Based on the MCC we measure the quality of a binary classification. The MCC metric is a balanced measure method that takes TP, FP, TN and FN into account. In our case a TN is a good part predicted as good part and a FN is a corrupted part predicted as a good part. A TP is a corrupted part predicted as corrupted part and a FP is a good part predicted as a corrupted part. The MCC is used for different class sizes which is necessary in our case (Boughorbel et al., 2017).
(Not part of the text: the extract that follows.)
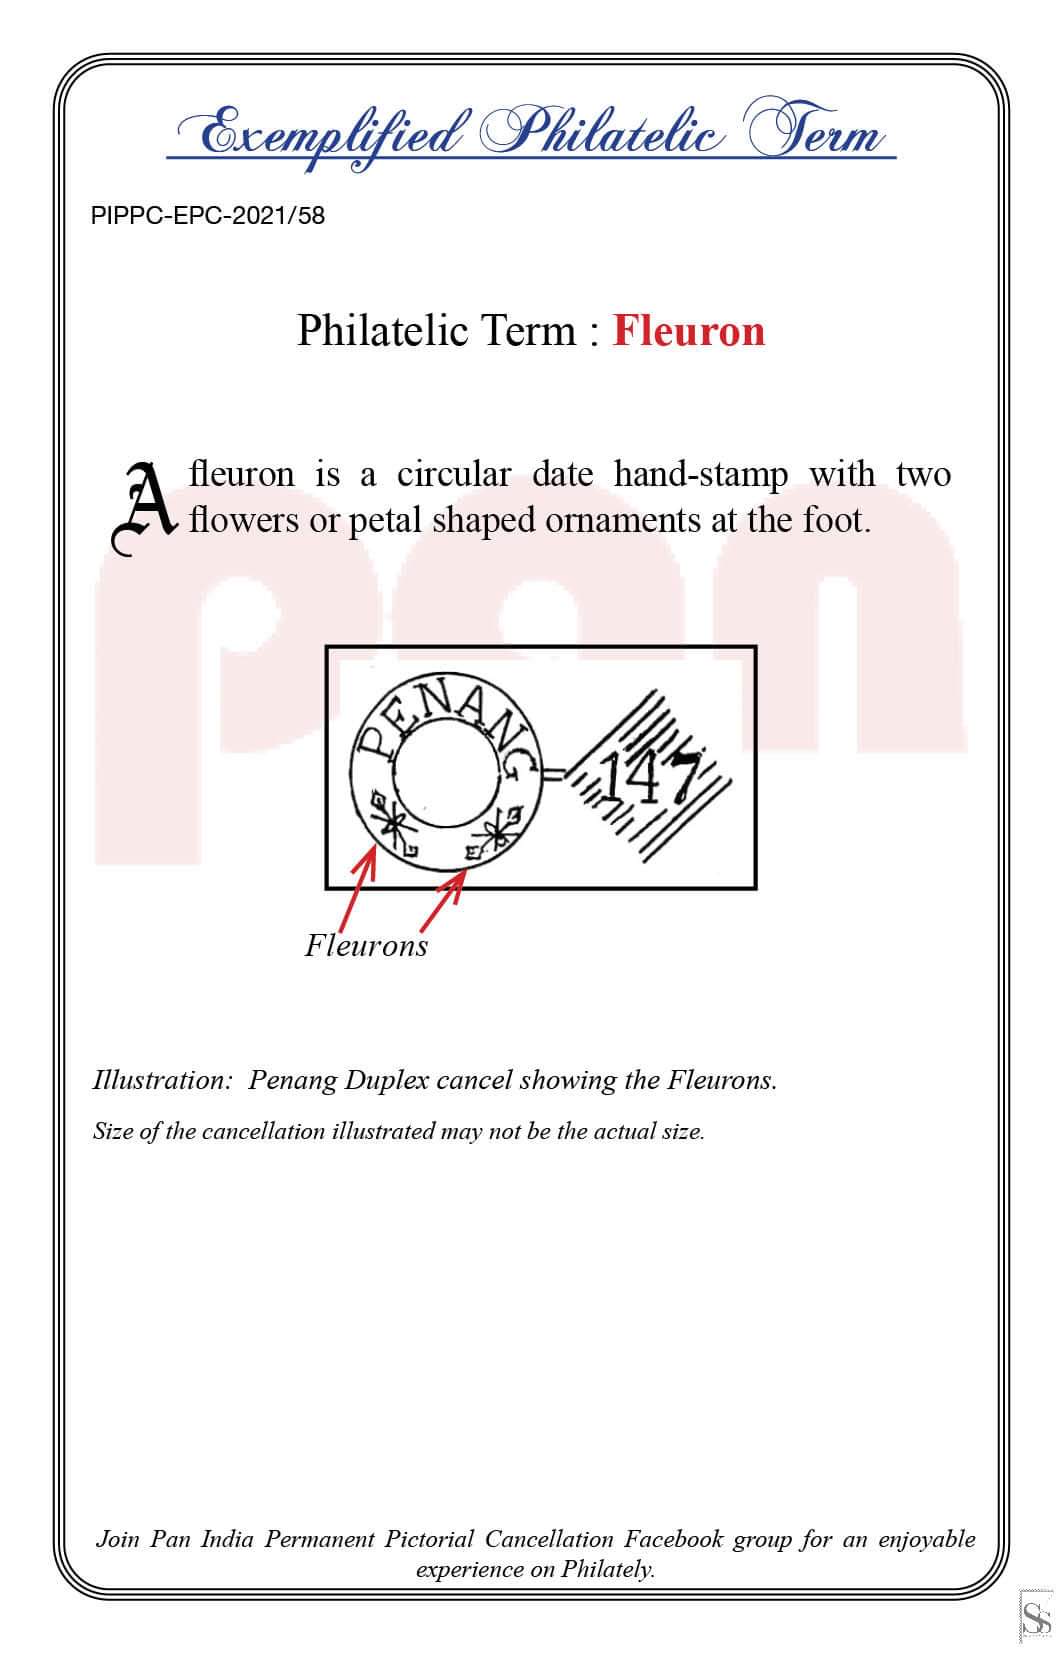 58. Today's Exemplified Philatelic term-Fleuron

For the second and third metric, we use the Area Under the Curve (AUC) calculation for the Receiver Operating Characteristic (ROC) and Precision Recall Curve (PRC). The ROC AUC metric is suitable for balanced classes. At first sight, the ROC AUC metric is not helpful at all because the classes are extremely unevenly distributed. Nevertheless, to handle the unbalanced distribution we use a hyperparameter named’class_weight’ respectively’scale_pos_weight’. Depending on the setting of this hyperparameter it considers the classes as equal and changes the training of the model. The PRC AUC metric is also suitable for a binary classification. Moreover, this metric looks at the positive class; in our case this is the prediction of an error. Therefore, the PRC AUC metric provides us with a value of how good it predicts the minority class. The AUC represents the performance of a binary classification (Sarath, 2018). The fourth metric is a calculation to predict the cost savings for each positive predicted forecast named EBRP:

$$ {\text{EBRP}} = \frac{{\text{TP}} \ast {\alpha} - {\text{FP}}}{{\text{TP}} + {\text{FP}}} $$

Symbol α (alpha) represents the cost saving factor or ratio of how much a correctly identified error in relation to an incorrectly identified error will save us and is therefore a placeholder for the real costs of a product or product part. Moreover, the user of this metric can adjust the α parameter with the ratio of the cost saving factor.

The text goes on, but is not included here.